2. Dynamic Programming:
   • Create two boolean arrays, odd and even, where odd[i] is true if you can reach the end from i using an odd jump first, and even[i] is true if you can reach the end from i using an even jump first.
   • The base case: the last index is always "good" for both odd and even jumps.
   • Iterate backwards through the array, filling in odd and even using the precomputed next jumps:
     • If the next odd jump from i is j, then odd[i] = even[j].
     • If the next even jump from i is j, then even[i] = odd[j].
3. Count Good Indices:
   • Return the number of indices where odd[i] is true, since we always start with an odd jump.

The use of sorting and stacks allows us to precompute the next jumps efficiently, and the dynamic programming step ensures we only process each index once.

Example Walkthrough

Let's walk through an example with arr = [10, 13, 12, 14, 15]:

1. Precompute Next Jumps:
   • For index 0 (10): next odd jump is index 1 (13), because 13 is the smallest value ≥ 10 to the right.
   • For index 1 (13): next odd jump is index 2 (12), but 12 is not ≥ 13, so look for ≥ 13, which is index 3 (14).
   • For index 2 (12): next odd jump is index 3 (14).
   • For index 3 (14): next odd jump is index 4 (15).
   • For index 4 (15): no jump possible.
   • Even jumps are similar, but look for ≤ current value and as large as possible.
2. Dynamic Programming Step:
   • The last index (4) is always "good": odd[4] = even[4] = True.
   • For index 3: odd jump to 4, so odd[3] = even[4] = True; even jump (no valid index), so even[3] = False.
   • For index 2: odd jump to 3, so odd[2] = even[3] = False; even jump to 3, so even[2] = odd[3] = True.
   • For index 1: odd jump to 3, so odd[1] = even[3] = False; even jump to 2, so even[1] = odd[2] = False.
   • For index 0: odd jump to 1, so odd[0] = even[1] = False; even jump (no valid index), so even[0] = False.
3. Count Good Indices:
   • Indices with odd[i] = True are 3 and 4. So the answer is 2.

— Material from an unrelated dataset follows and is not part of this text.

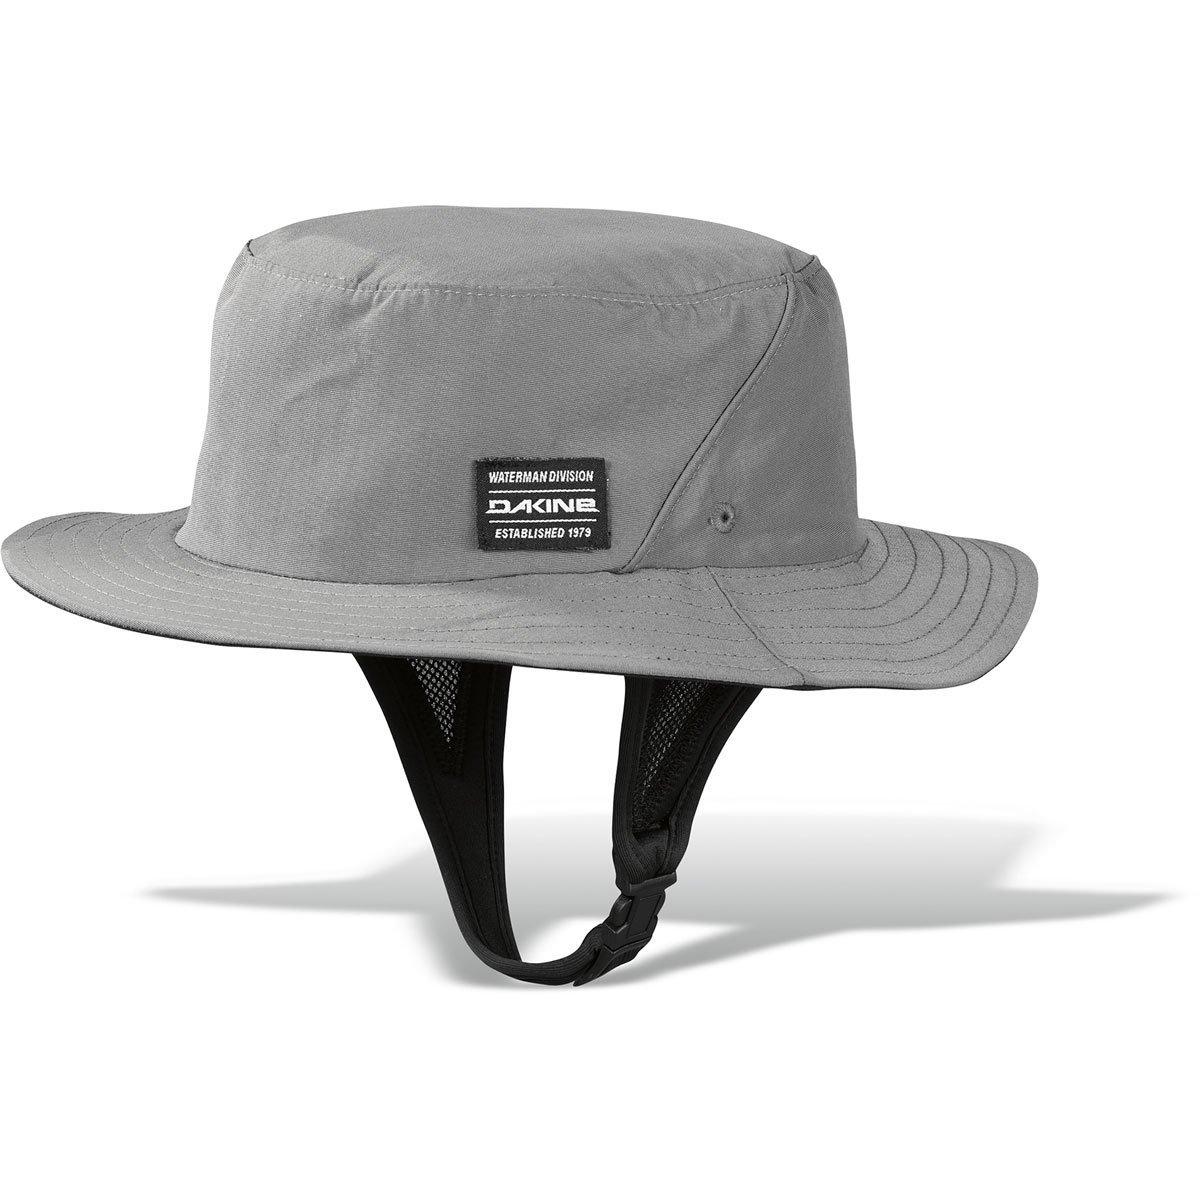 DaKine Indo Surf Hat - Grey - L/XL

This process efficiently computes which indices are "good" by working backwards and using precomputed jump targets.

Time and Space Complexity

• Brute-force Approach:
  • For each index, simulating all possible jumps can take up to O(n) time per index, resulting in O(n²) total time.
  • This is not feasible for large arrays.
• Optimized Approach:
  • Precomputing the next jumps uses sorting and a stack, which takes O(n log n) time for each of odd and even jumps.
  • The dynamic programming step is O(n), as we process each index once.
  • Overall time complexity: O(n log n).
  • Space complexity: O(n) for the jump arrays and the DP arrays.

Summary

The Odd Even Jump problem challenges us to find efficient ways to simulate a sequence of jumps through an array under alternating rules. By precomputing the next valid jumps using sorting and stacks, and leveraging dynamic programming to propagate reachability from the end of the array backwards, we achieve an efficient O(n log n) solution. The approach is elegant because it decouples the jump-finding logic from the reachability logic, and uses well-known algorithms (sorting, stack-based processing, and DP) in a creative way to solve a complex problem.